The people's voice and expertise > How democracy is about respectful discussion, not just voting

We seem to have had enough of experts...

Whether in planning:
Futures Forum: The revolt against the planning expert

Or science:
Futures Forum: Climate change: Brexit and Clexit
Futures Forum: Brexit: and Clexit: or the links between Eurosceptics and climate change sceptics
Futures Forum: Brexit: and the future for climate change >>> anti-intellectualism and inter-generational theft 

Whether in the UK:
Futures Forum: Brexit: and post-fact politics

Or the States:
Futures Forum: Politicians, wonks and technocrats

You will remember the current Environment Secretary's words during the final debates on Brexit two and a half years ago:
Britain has had enough of experts, says Gove | Financial Times
Gove: Britons "Have Had Enough of Experts" - YouTube

Perhaps he now thinks differently:
Michael Gove decides that experts are actually extremely useful after all | TotalPolitics.com

The question, though, is whether he voiced at the time a sort of 'anti-intellectualism':

‘Had enough of experts?’ Anti-intellectualism is linked to voters’ support for movements that are skeptical of expertise

August 30th, 2017

However, since the mid-1990s, anti-intellectualism has been on the rise in the American public, especially amongst self-identified ideological conservatives, as demonstrated in Figure 1. Since 1972, the General Social Survey (GSS) has asked nationally representative samples of Americans (roughly once every two years) to report whether they have a great deal, only some, or hardly any trust in the “scientific community.” The figure plots the proportion of liberals and conservatives placing high levels of trust in the scientific community (Note: this is an extension of analysis from Gordon Gauchat).

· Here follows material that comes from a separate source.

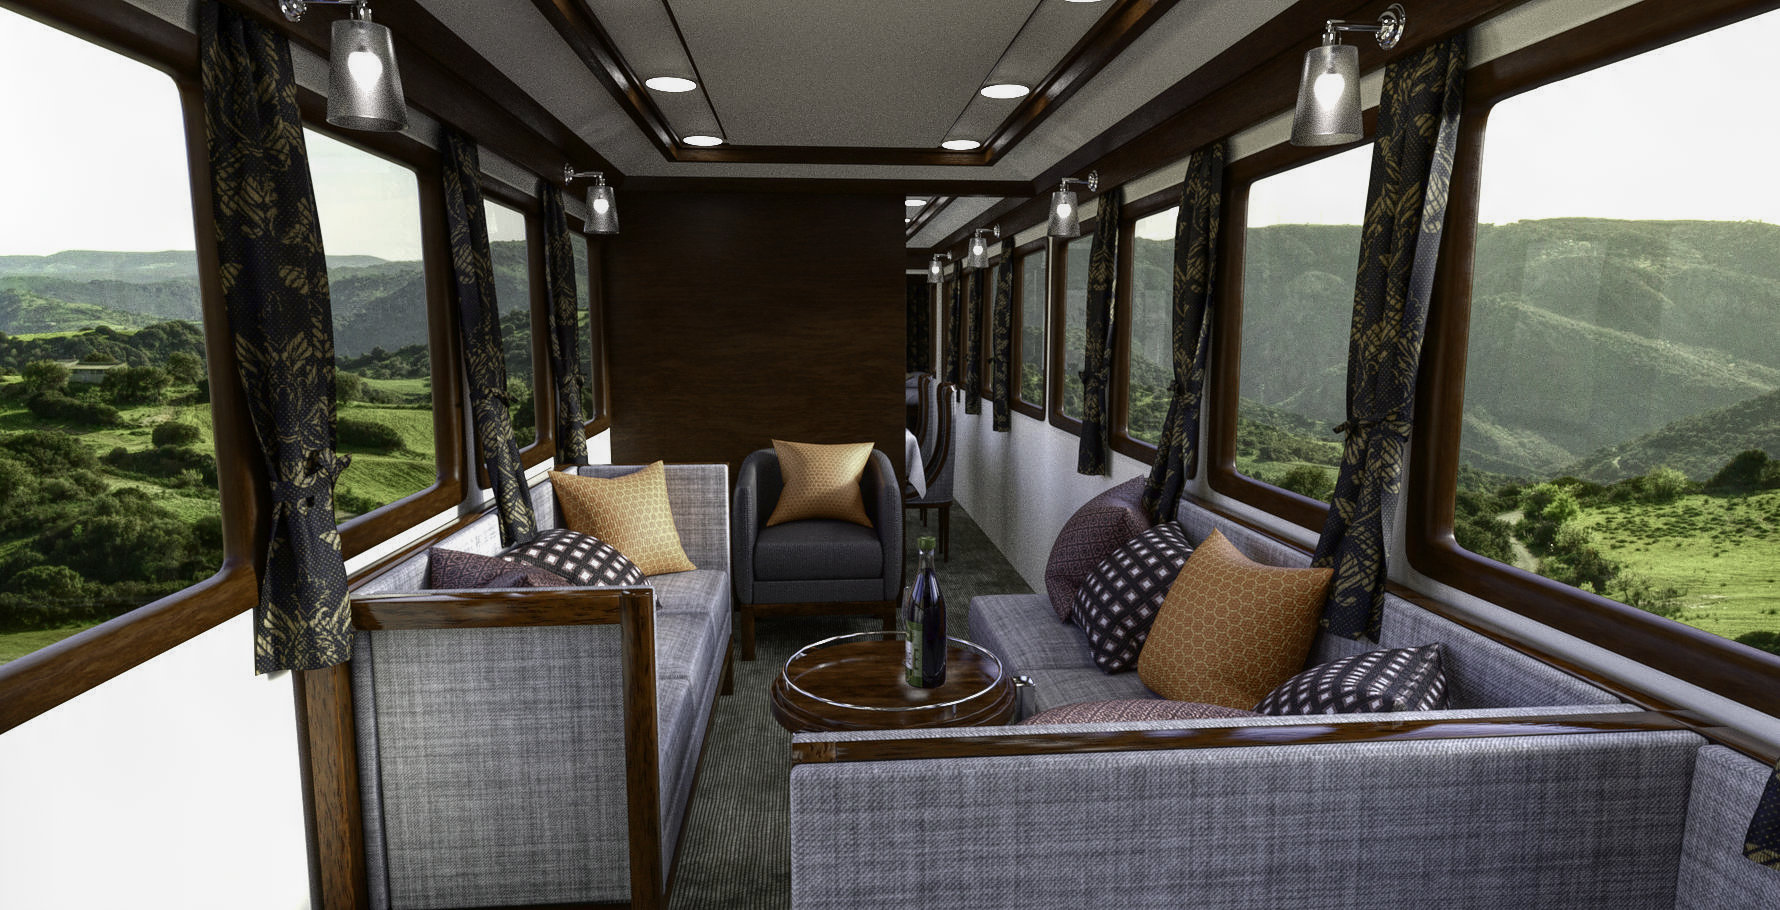 FG Luxury Passenger Train by: PAN StudiosFugazi1968ironman13, 3D Models by Daz 3D

Figure 1. Liberals and Conservatives’ trust in the scientific community

As the figure shows, liberals and conservatives held similar levels of trust in scientists from the early 1970s through the mid-1990s. Focusing on the right-hand panel in 1974, for example, 52% of liberals and 50% of conservatives held a great deal of trust in the scientific community. Following approximately 1994, however, their opinions began to diverge. By 2014, 53% of liberals and only 36% of conservatives held a great deal of trust.

'Had enough of experts?' Anti-intellectualism is linked to voters' support for movements that are skeptical of expertise | USAPP

There might be a way out of this:
Futures Forum: Brexit: and looking beyond revolt: "If we’ve learned one thing in the last week, it is that communities – not Westminster - must agree what works for them." 

Which means experts and non-experts listening to each other:

Was Michael Gove right? Have we had enough of experts?

Experts are finding it harder to be heard. But is that because of how they communicate? And how solid is their much-vaunted evidence base anyway?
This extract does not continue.